I realize that I know very little about the inner workings of PA, but... If you create a system with the system designer and generate the terrain and gameplay, you'll notice that the system is identical during an actual match. Why then, in these cases, is it necessary to build the planets again during the match setup? Thank you!
Because you don't want to store gigabytes of data for a single map. Imagine you join a game with a map that you don't have. Yes it would use less cpu to send you the fully build build planet directly. But that can be gigabytes of data. Your internet won't be happy about that.
Thank you for your response cola_colin. I understand your point of view, but I am talking about the very specific case where you build a system on your own computer, than use that system on your own computer. If it is a multiplayer game over the internet, the other internet players should need to build the system. However, as I have already built the system locally, why should I need to build it again?
Because you probably don't want to store gigabyte sized map files. If you are fine with that then yeah I guess you could improve load times for totally local games. But those few seconds only for those local games are not really worth it and most people dont want to store gigabytes of maps. Not to mention the premade maps. They can't be included as prebacked gigabyte sized files, or else the game would be a pretty damn big download.
Thank you for your responses. Hmm, cola_colin, the thing is you exclude totally local games like they are not important. You say "those few seconds" but the truth for me is that it is at least a few minutes. The length of time will be even longer when I try to make larger systems. I am not talking about premade maps; I am talking about custom made maps that I created seconds before in the system designer which then get remade again during the match setup. I believe other players want to play totally local games against the AI; just for the ability to test the system. Excluding them is a mistake. Let us say that you start PA, create a custom system using the "system designer" for the purpose of playing a multiplayer game online. Then you exit the "system designer" and setup a multiplayer game. The internet player should have to "build planets," but why (when the system was just locally created) should the local player also need to "build planets" a second time? This question clearly does not involve disk space or RAM amounts since the system was created locally seconds ago! While I could be mistaken about that, I would invite people to comment with specific details about it. On another note, I have plenty of hard drive space (>8TB) and RAM (16GB); so, for me, I would prefer storing map information if it means seconds versus minutes (and, more importantly, reliance on servers).
Nobody is excluded it is just a common thing that games do not keep all raw data in memory all the time and also don't store maps by storing all related data on the disc. Loading times exist because of that. It just makes a lot of sense for technical reasons as well. For example the bigger and more complex the data you store, the less easy it is to patch in the future. A few month ago the whole datastructure for pathfinding was changed. If they had maps that store all data that is generated on the start then all those map files would have turned into dead weight in that second because the new pathfinding system would have not understood the old data at all. (actually I am sure a lot more often, as even much smaller changes would break it all) Really that kind of improvement won't do much good. In the end loading the map file probably won't even be that much faster, because loading a gigabyte sized file isn't guaranteed to be faster as well. Adding this kind of thing would just be a lot of work for Uber and would have very low return on the work while introducing a lot of issues. You are basically asking for some developer to spent hours and hours of work to help a very specific edge case that most people won't use at all and some other people will see the gigabyte sized map files and go "wtf how bad is this". Then uber will patch pathfinding and suddenly all your maps are dead files.

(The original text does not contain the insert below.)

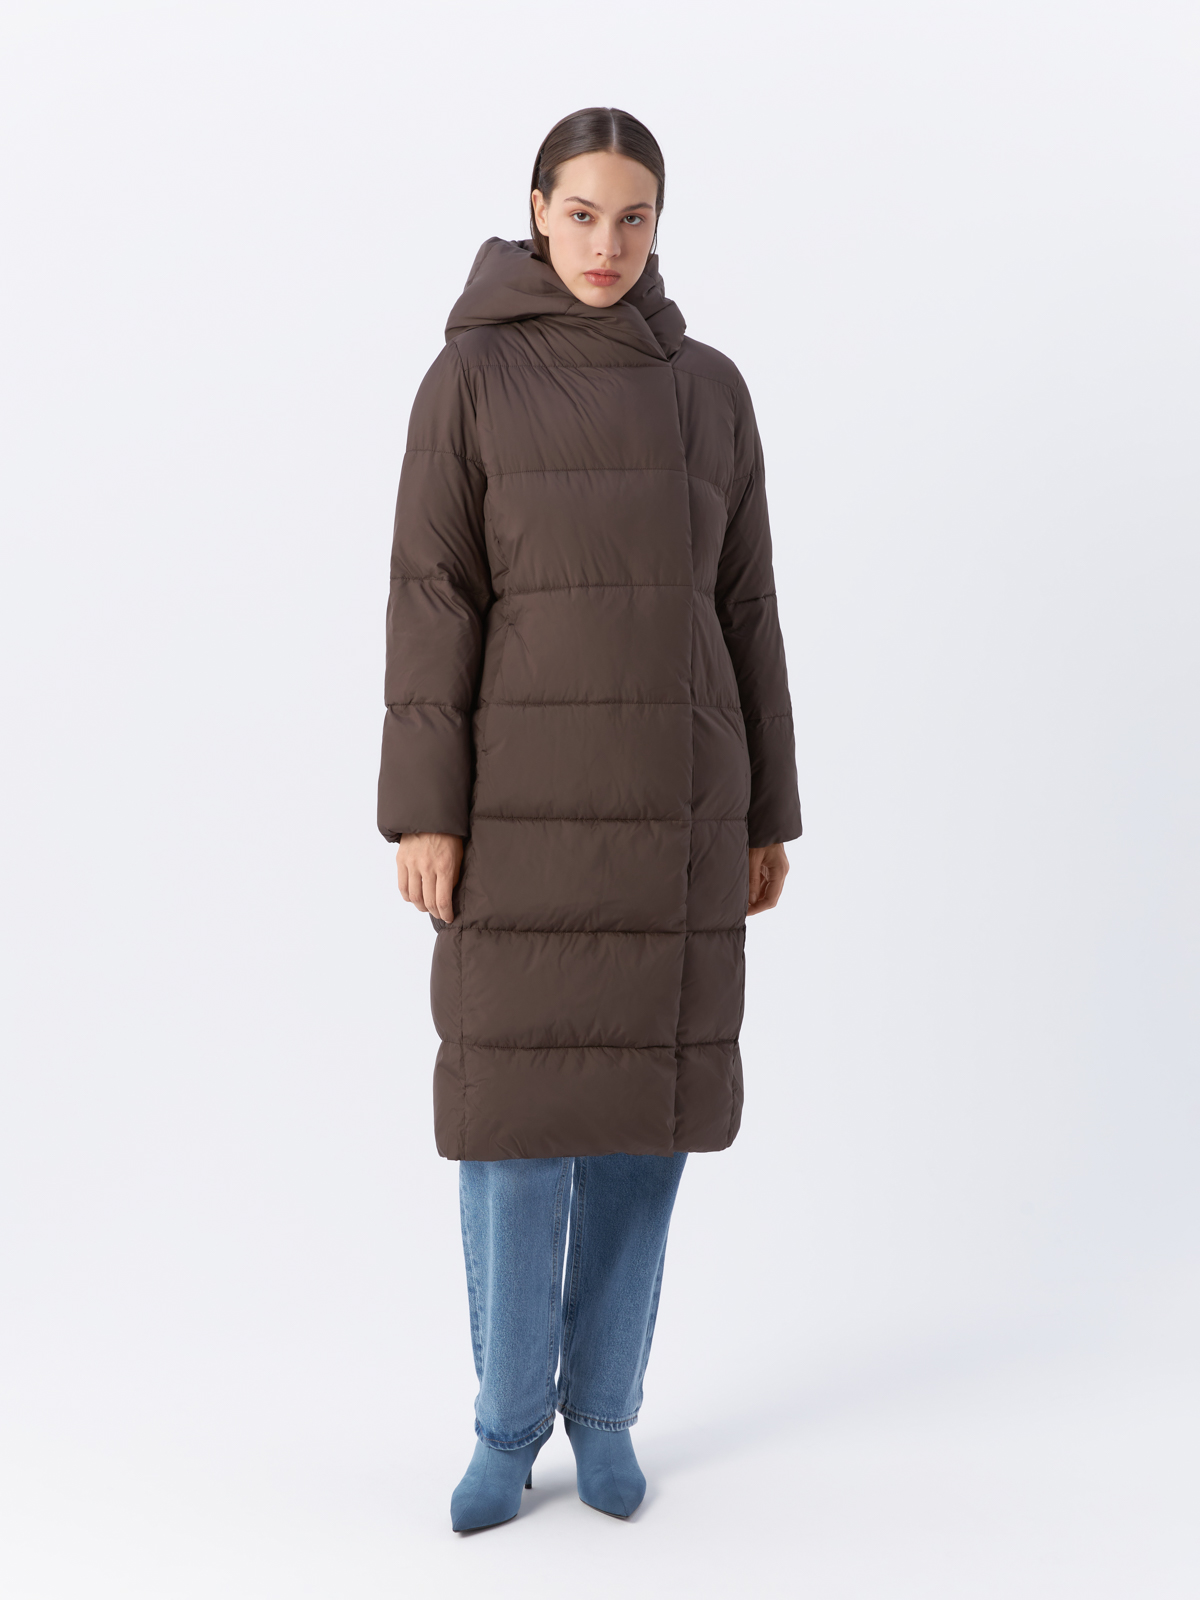 Пальто женское Veralba VEF-2741MW коричневое 44

Perhaps the system editor could have a "start local match" button which would keep the built system in memory and start a match. Could be useful for local only players and map makers alike. For mapmakers the victory/annihilation screens could have a "return to system editor" button, and for local players a "rehost with same system" button.
Another point is, that we don't know if the system builder is using the full data structures that are needed for the game engine. I could imagine that the system editor does not generate the navigation data, or the AI information that would be needed in the game.
I think when you generate the planet "fully" it does generate the nav data. That is one of the differences between the "terrain" and the "gameplay" preview.
Are you sure it uses gigabytes of data? I'd much rather have faster load times personally. I have lots of ram and hdd space.
well look at how your ram usage increase during the loading of the game. You are basically asking them to store those exact bytes into a file and load that file instead.
The developers aren't going to waste their time to bring marginal improvements to people who have SSDs and only play offline.
Probably not too difficult, but it would only be a real improvement for a very small percentage of the playerbase.
Ok, thank you everybody! Truly there are larger issues than this! Hopefully I did not offend anybody.